Aproximadamente 60% dos doentes apresentam dismorfias craniofaciais, como macrocefalia, bossas frontais, fenda lábio-palatina e hipertelorismo(9,10). O meduloblastoma ocorre em cerca de 5% das crianças com SGG, com uma predominância no sexo masculino (3:1)(2,8). Tem um pico de incidência aos dois anos de idade, ao contrário daquele que ocorre isoladamente (sete anos) e há evidência de que está associado a um melhor prognóstico(2,10). Quando o meduloblastoma se apresenta numa criança antes dos dois anos de idade, especialmente se for do subtipo desmoplásico é necessário investigar a presença do síndrome (12). Outras neoplasias estão associadas ao SGG, como fibromas cardíacos e ováricos (aproximadamente 2% e 20%, respetivamente); a ocorrência de linfomas e meningiomas também foi descrita(9,10).

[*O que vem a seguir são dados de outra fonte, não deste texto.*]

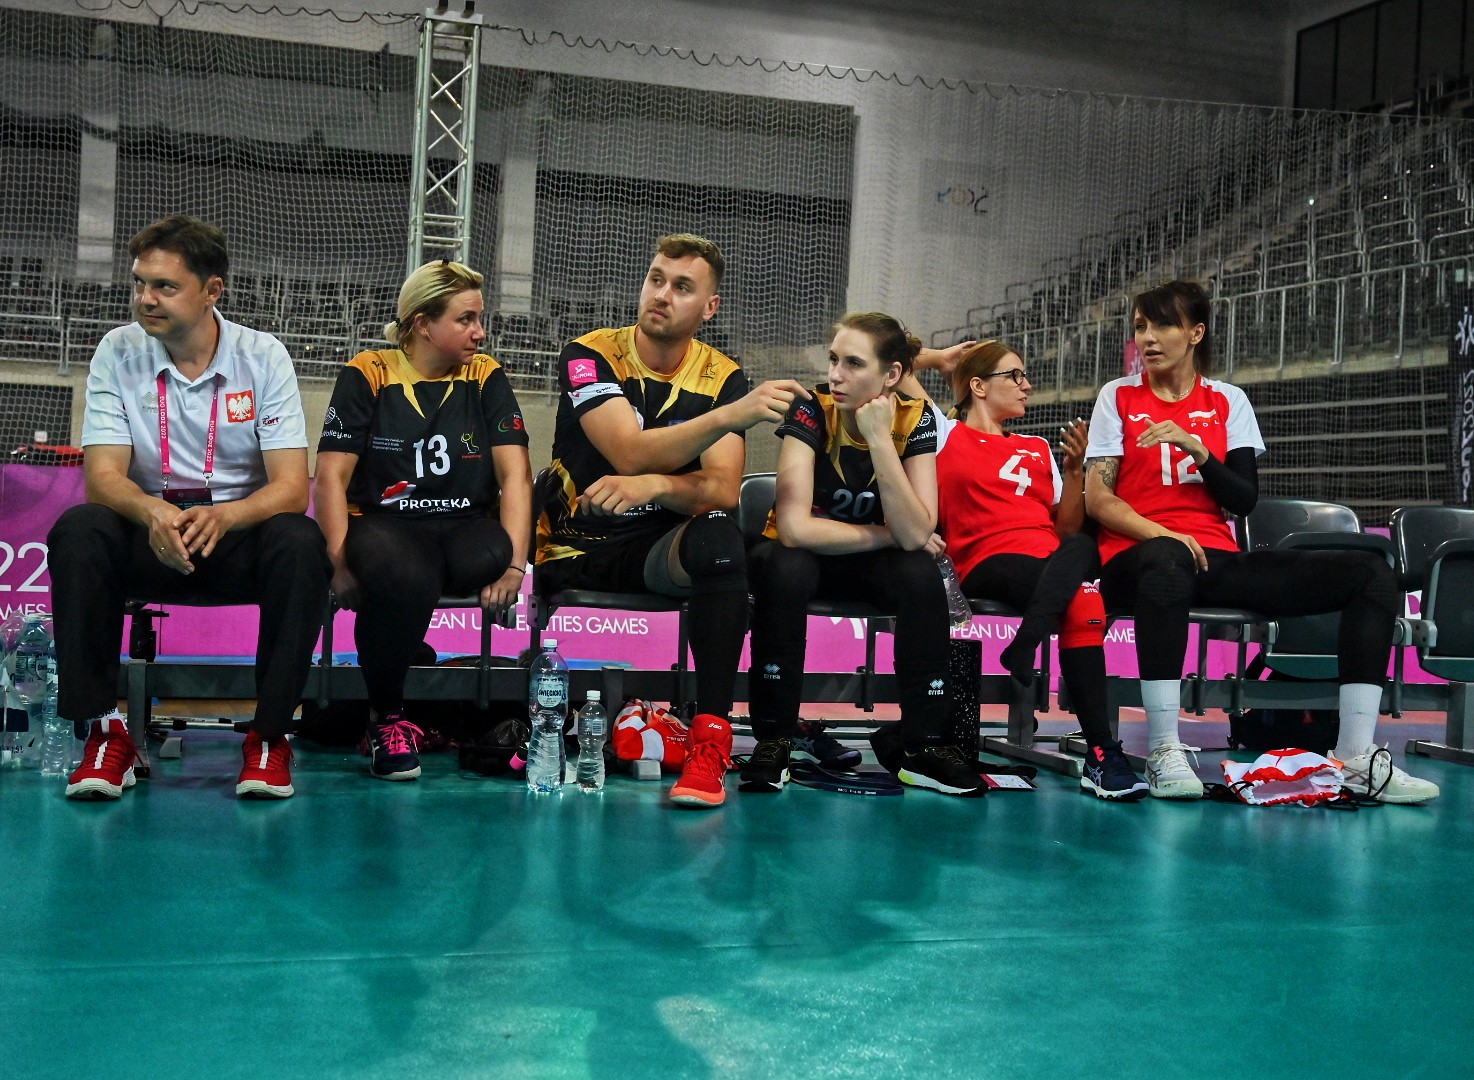 Day 4 - Sitting Volleyball

O diagnóstico diferencial depende da apresentação inicial e inclui síndromes associados a hipertrofia (Síndrome de Sotos e de Beckwith-Wiedemann)(10) e alguns síndromes cutâneos raros como o síndrome de Bazex, tricoepitelioma múltiplo e síndrome de Muir-Torre(1,9).

É de extrema importância o reconhecimento atempado do SGG de forma a reduzir a morbimortalidade destes pacientes (principalmente devida às neoplasias cutâneas e cerebrais e à destruição e deformação oromaxilofacial)(9, 13).

 

CASO CLÍNICO

Adolescente de 11 anos, sexo feminino, segunda filha de um casal jovem, não consanguíneo, saudável. Fruto de gestação vigiada, sem intercorrências, de termo. Parto eutócico, com peso ao nascer 3474g (P50), comprimento 52cm (P90) e perímetro cefálico 36cm (P50-90). Seguida em consulta de pediatria geral na infância por macrocefalia. Evolução estaturo-ponderal no percentil 95. Desenvolvimento psico-motor adequado à idade.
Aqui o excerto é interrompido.